Balancing Scale And Simplicity In Shared Memory Systems
March 5, 2015 Timothy Prickett Morgan
Sometimes it takes a bit of tweaking to make a technology that is created for supercomputing centers more suitable for high-end enterprise customers, even sophisticated ones that are not afraid to take risks and try something different. The level of scale that enterprises need for their analytical and transaction processing systems are not necessarily on the same order of magnitude as that required to run enormous simulations at HPC centers. But there is enough overlap that technologies created for HPC can be adapted for use in the enterprise.

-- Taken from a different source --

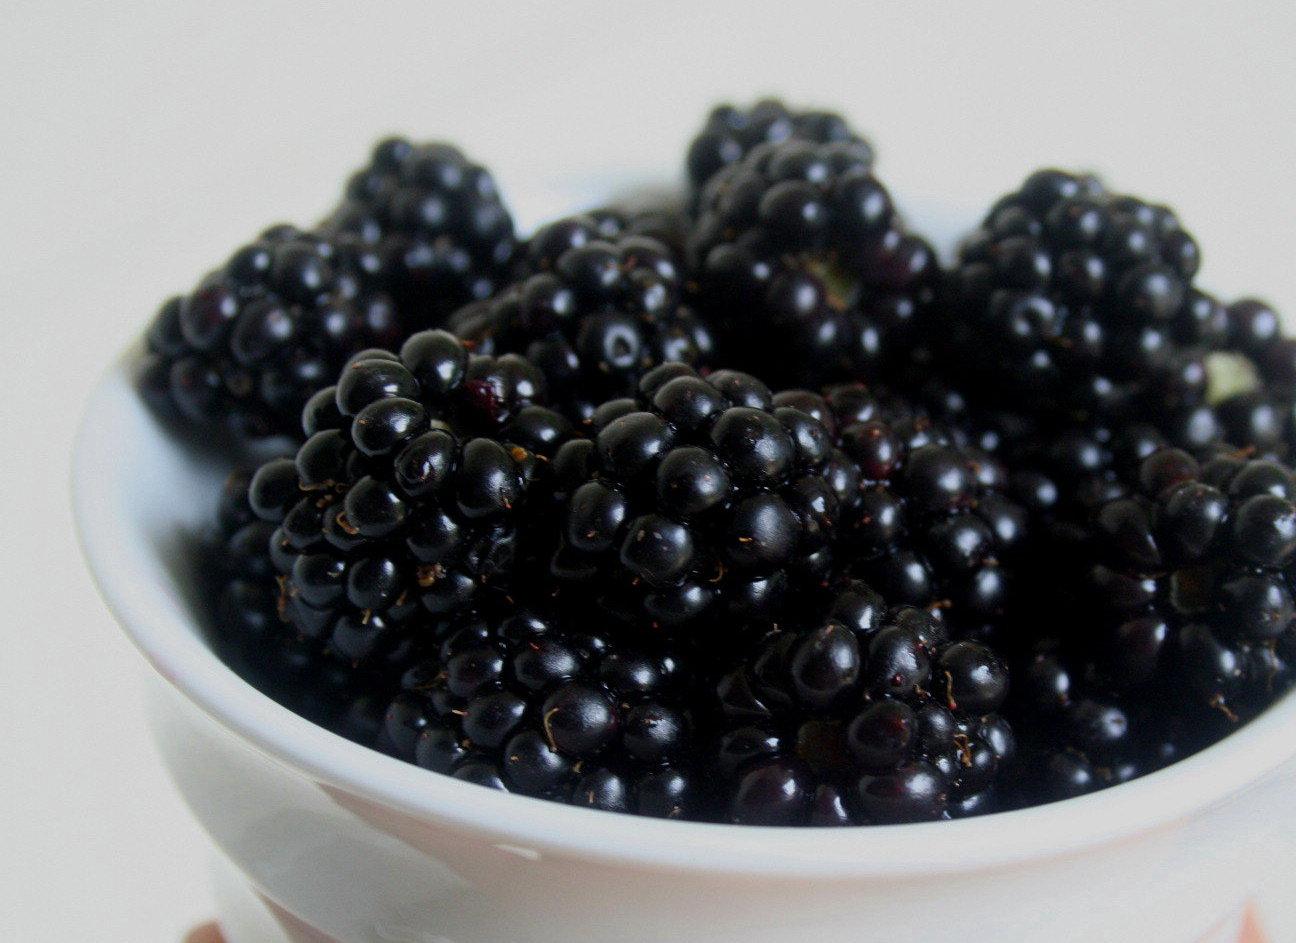 black berries Find great deals on ebay for black berries and black berries plant shop with confidence.
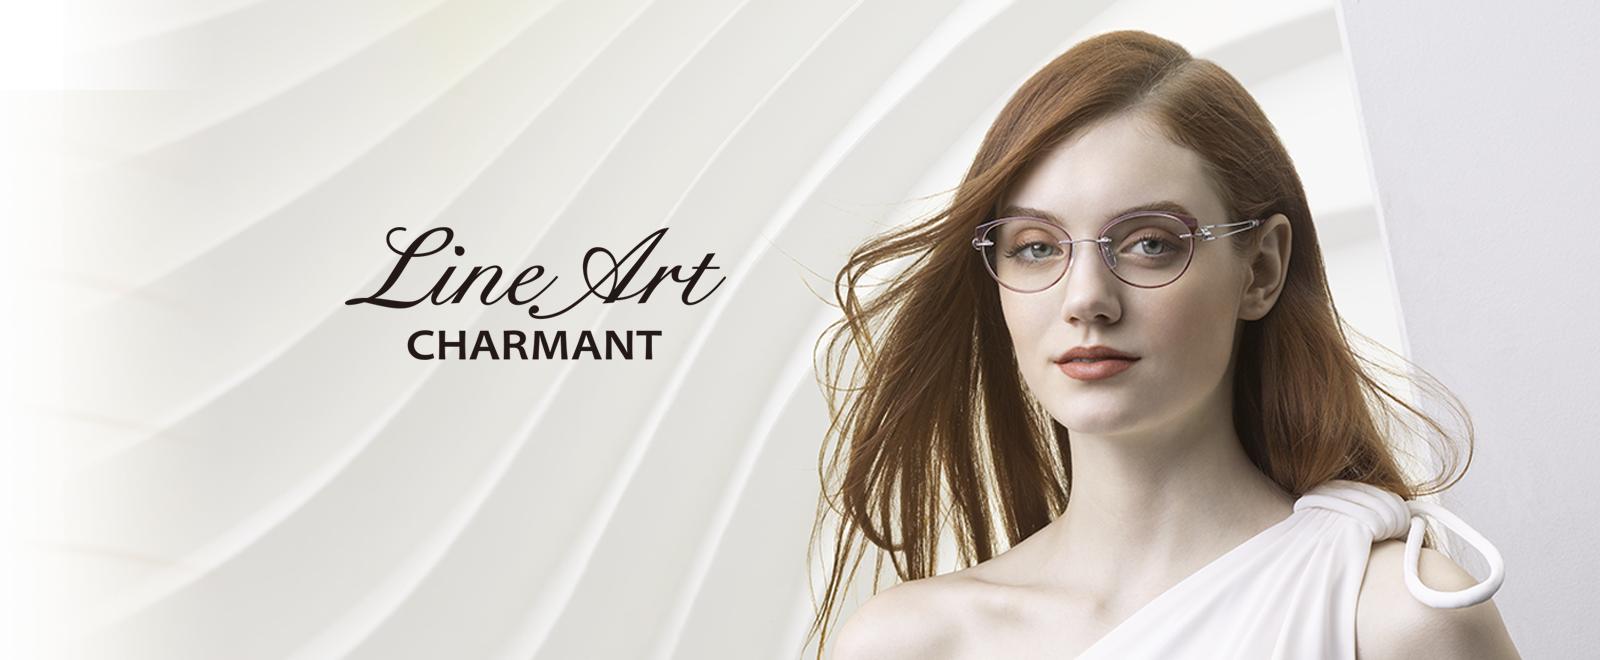 Line Art By Charmant : 【charmant·line】line art charmant toupeenseen部落格

This is precisely what SGI has done with its “UltraViolet” family of shared memory systems, and from the looks of things, a product line that was revamped last fall with the addition of a new class of UV 300 series machines will go a long way in helping the company extend into new commercial markets as has been its goal for the past several years. Interestingly enough, to better address the needs of these commercial customers, SGI had to back off on the scalability of the top-end UV 2000 systems, which implement what is called non-uniform memory access, or NUMA, and create something that looks a bit more like a classic symmetric multiprocessing (SMP) of days gone by.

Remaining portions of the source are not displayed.